Just when everyone thought the cruel ban on women and girls from attending universities was the peak of the Taliban’s atrocities, the group followed with something worse - a ban on girls and women working for humanitarian organisations.
As Afghanistan endures the worst humanitarian crisis of its history, this crippling move will have far reaching impacts as female aid workers were the only means of accessing the marginalised and oppressed women in the conservative country.
In an immediate reaction to this, at least four major aid groups suspended their activities, leaving about 11,441 people jobless, 5,000 of whom are women.
Since the Taliban takeover of Kabul in August 2021, the Afghan population seems to have just two options: escape in whatever way possible or live miserably without rights. Outside, the international community led by the US - the main party of the Doha Agreement which paved the way for the Taliban’s rise to power - is escaping all moral and human responsibility by issuing condemnation statements, without committing to action to protect the Afghan people.

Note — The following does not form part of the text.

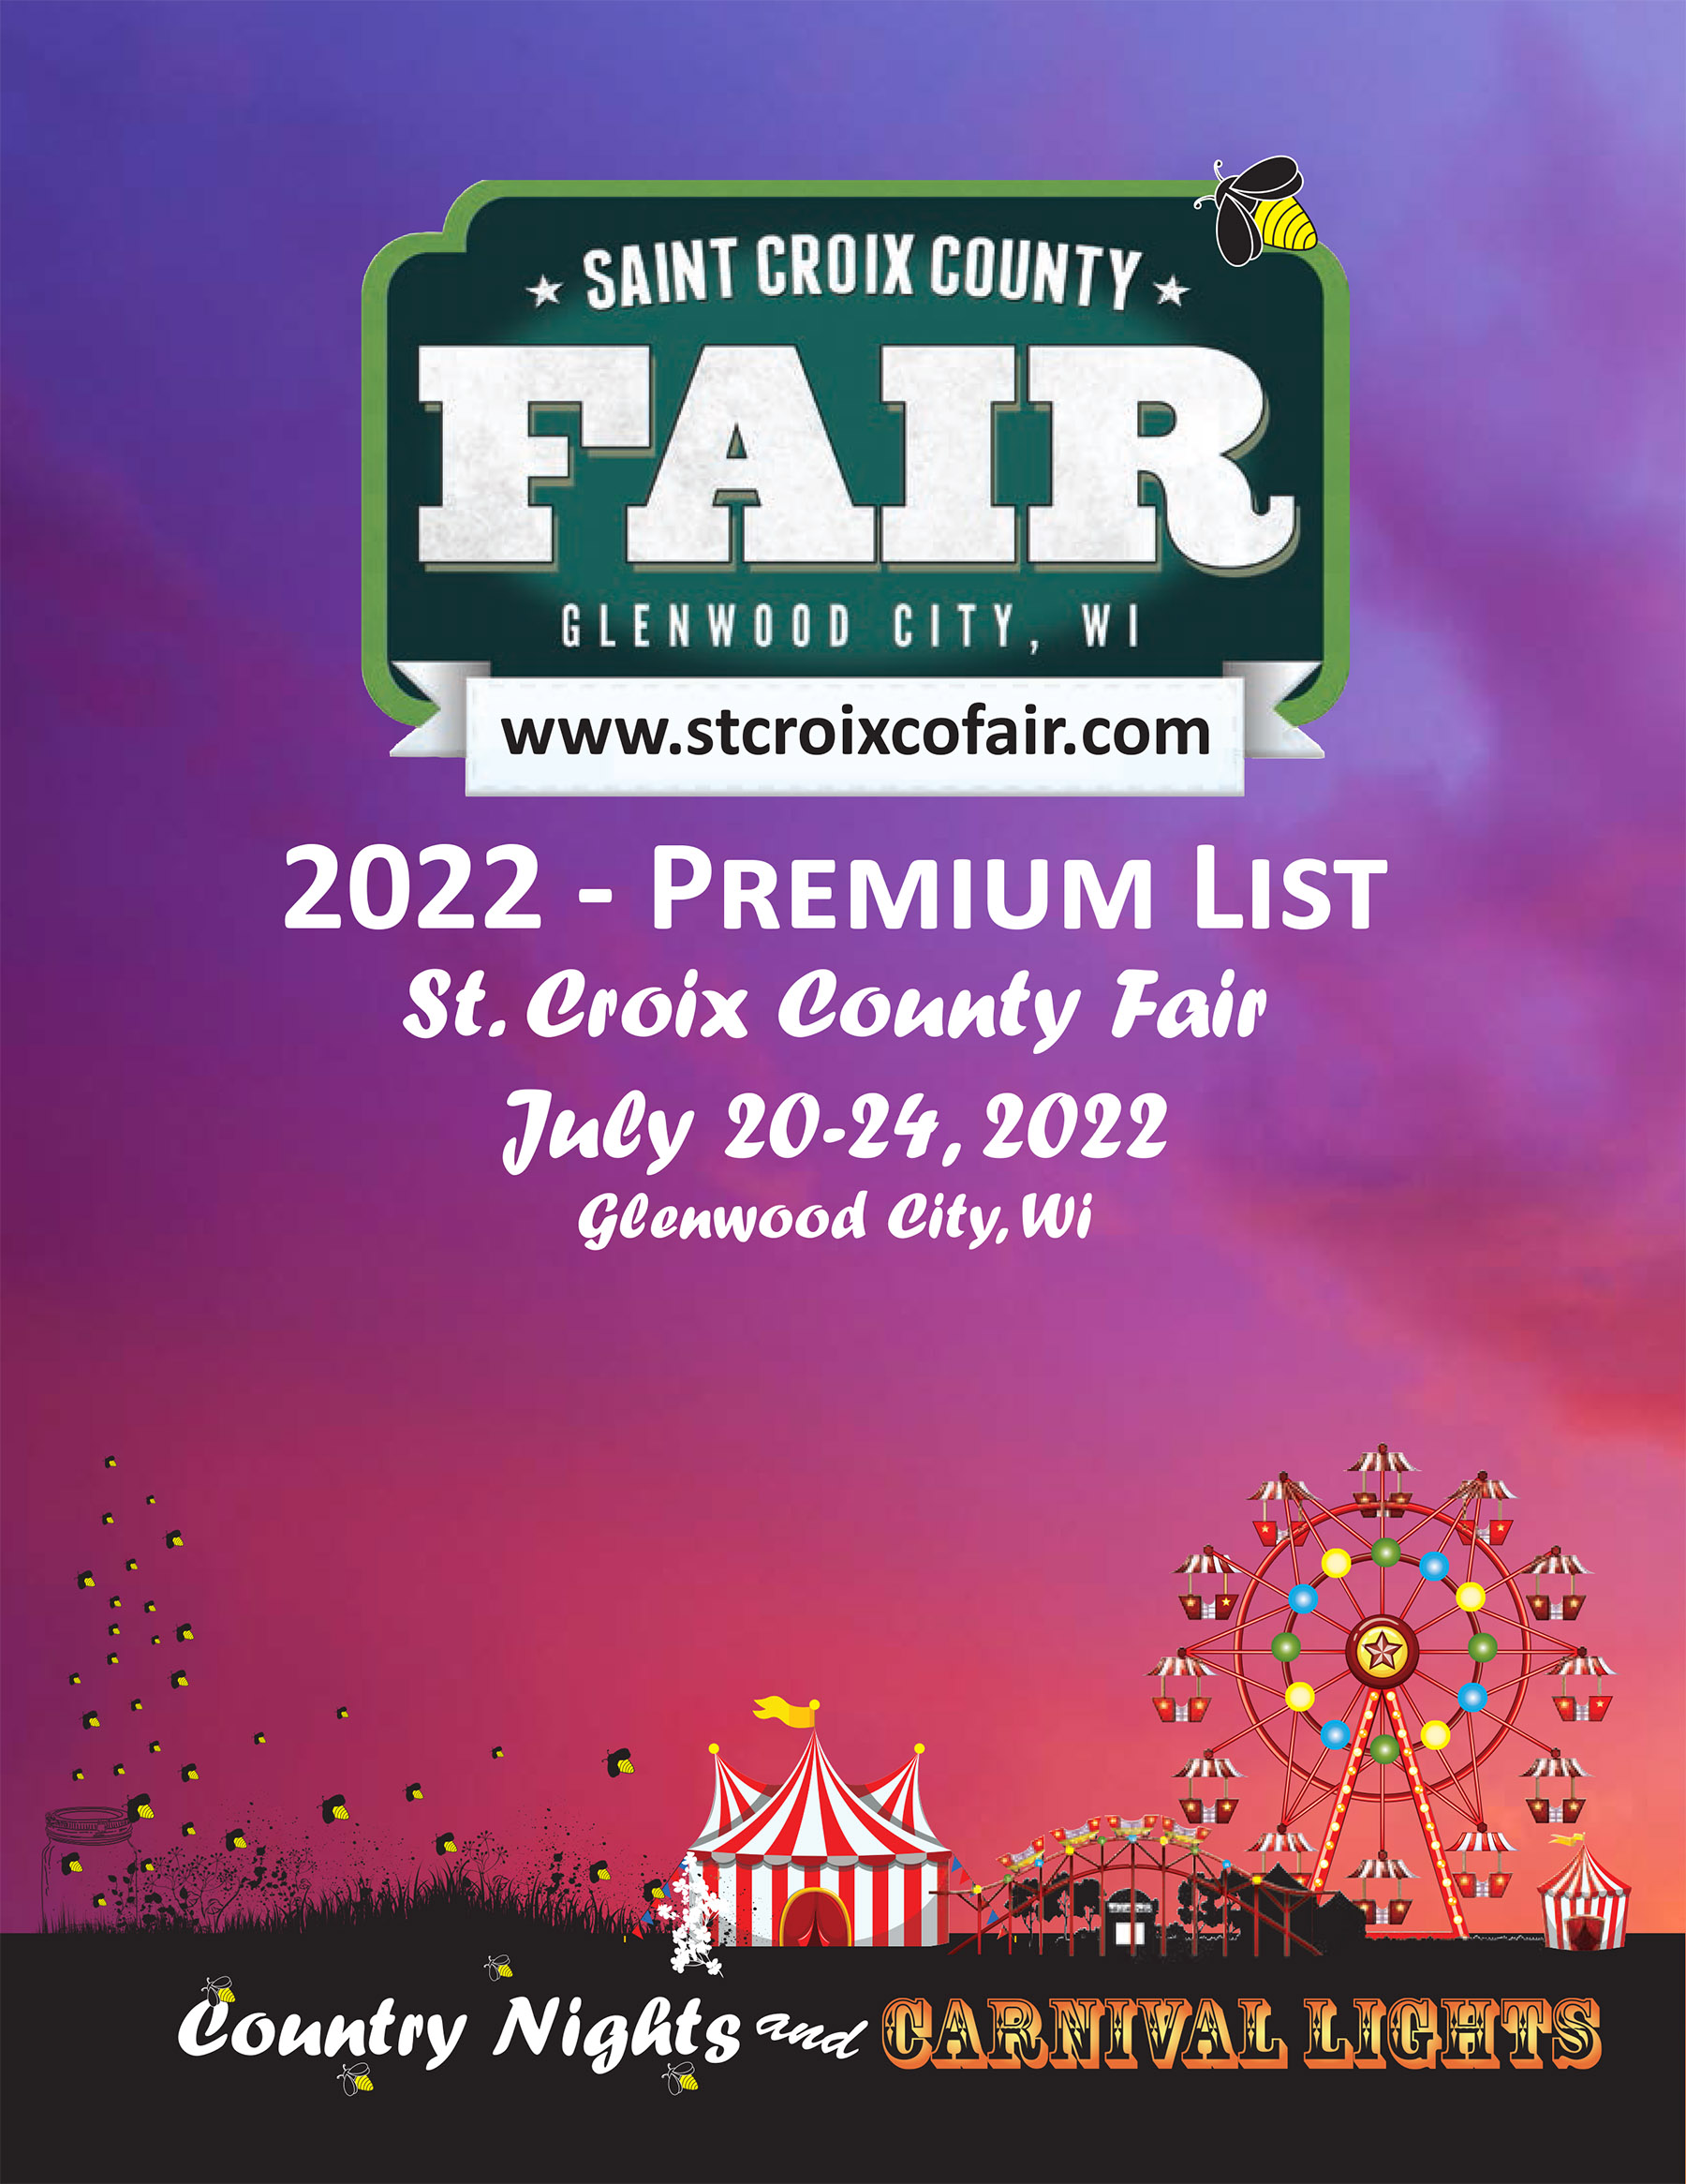 St. Croix County Fair News
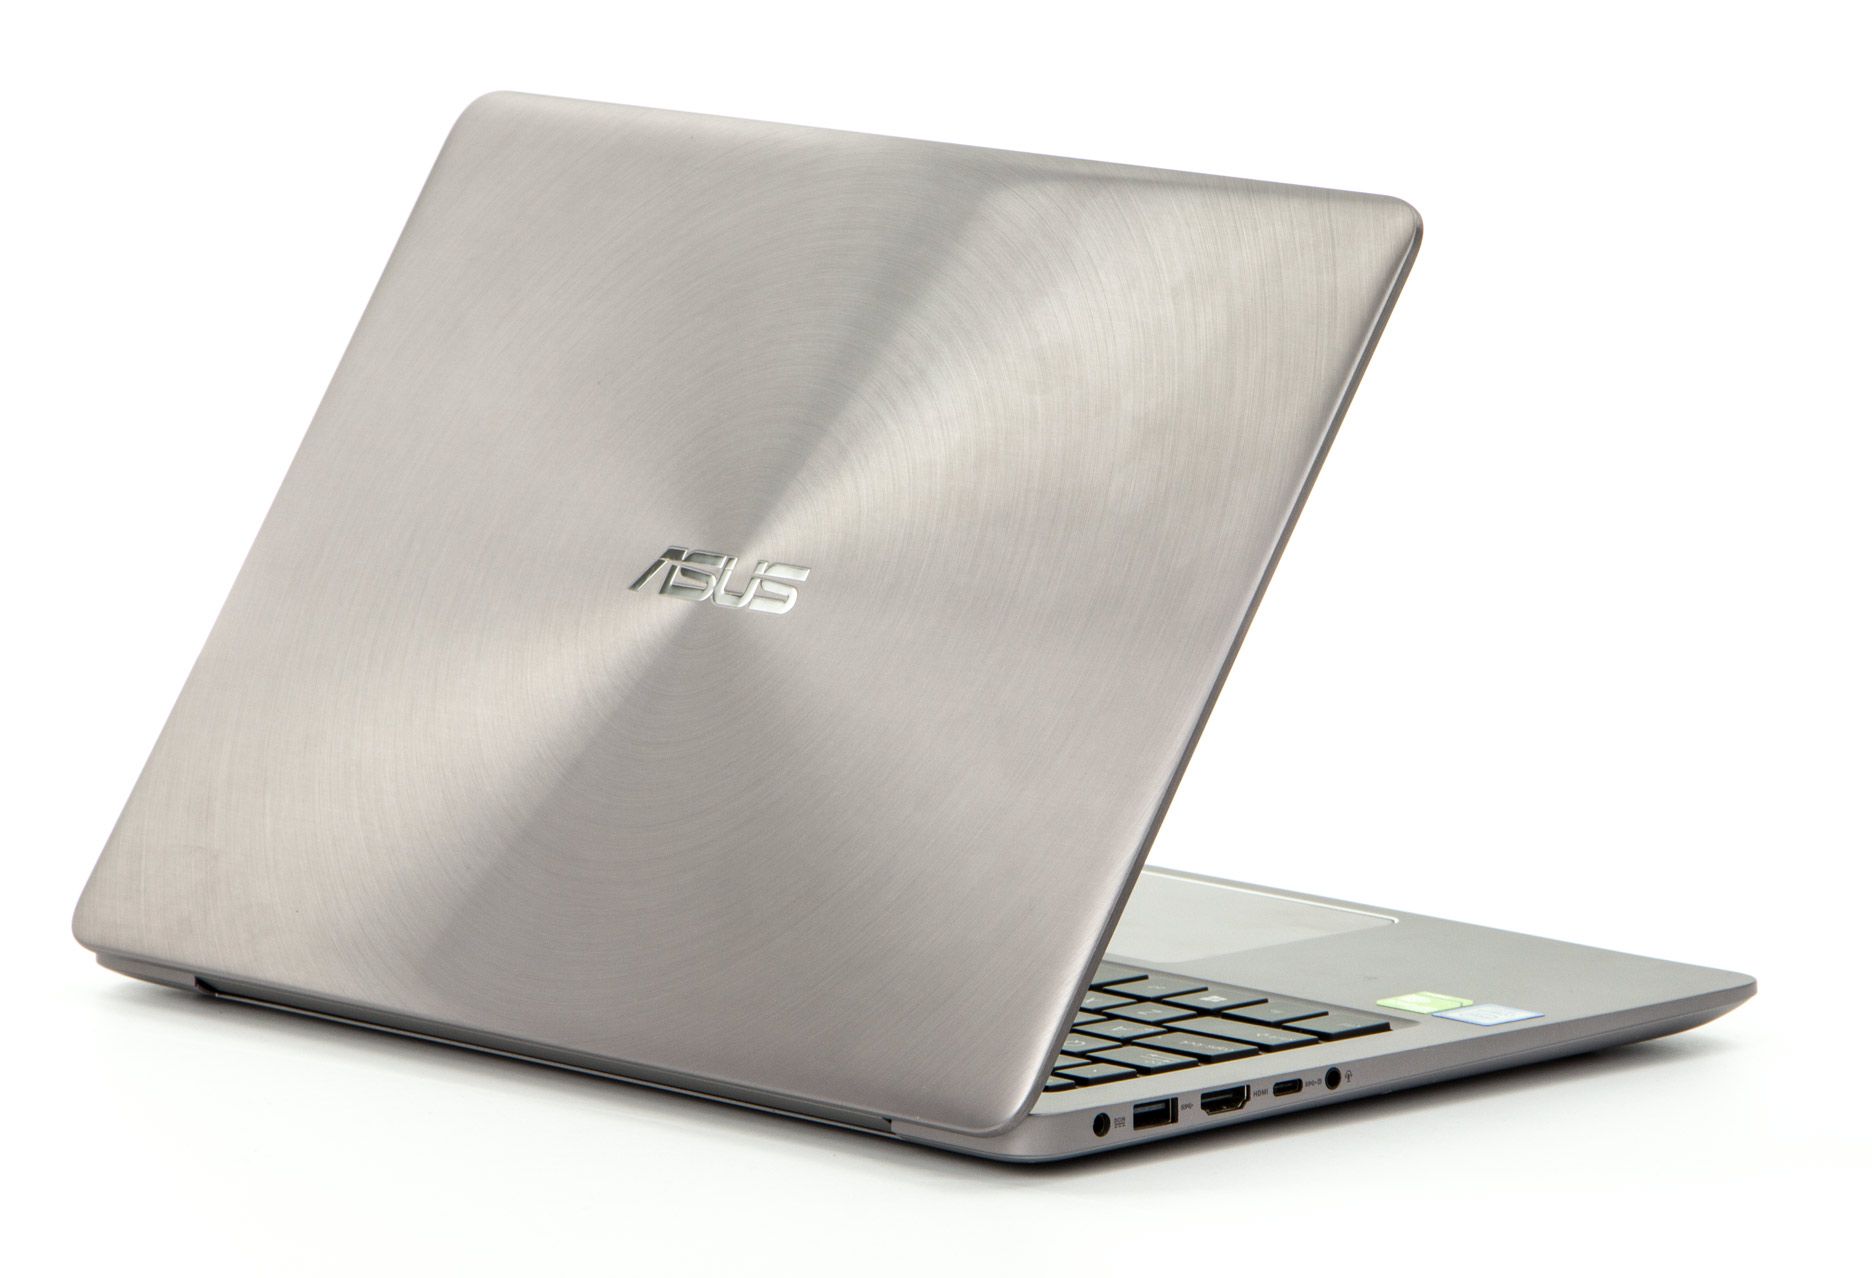 Asus Zenbook UX410, Asus Zenbook UX410 A 14-inch Ultrabook With Dedicated Graphics Memory,

Foreign countries are not issuing visas to the millions of Afghans desperately seeking exit; the Taliban authorities are not issuing them passports or ensuring provisions of rights and services.
The entrapment of the country’s citizens will only get worse because the Taliban has resorted to authoritarian rule, imposing its ideology by force, and the international community refuses to engage with the group in a civilised way - by either recognising the Taliban’s authority with conditions based on rights and services for the masses or lifting sanctions on the banking sector and travel so that the entire population can either take care of their needs or flee.
The US holds primary responsibility to take lead in resolving this humanitarian crisis in the first place and of engaging with the group it has imposed on the people of Afghanistan.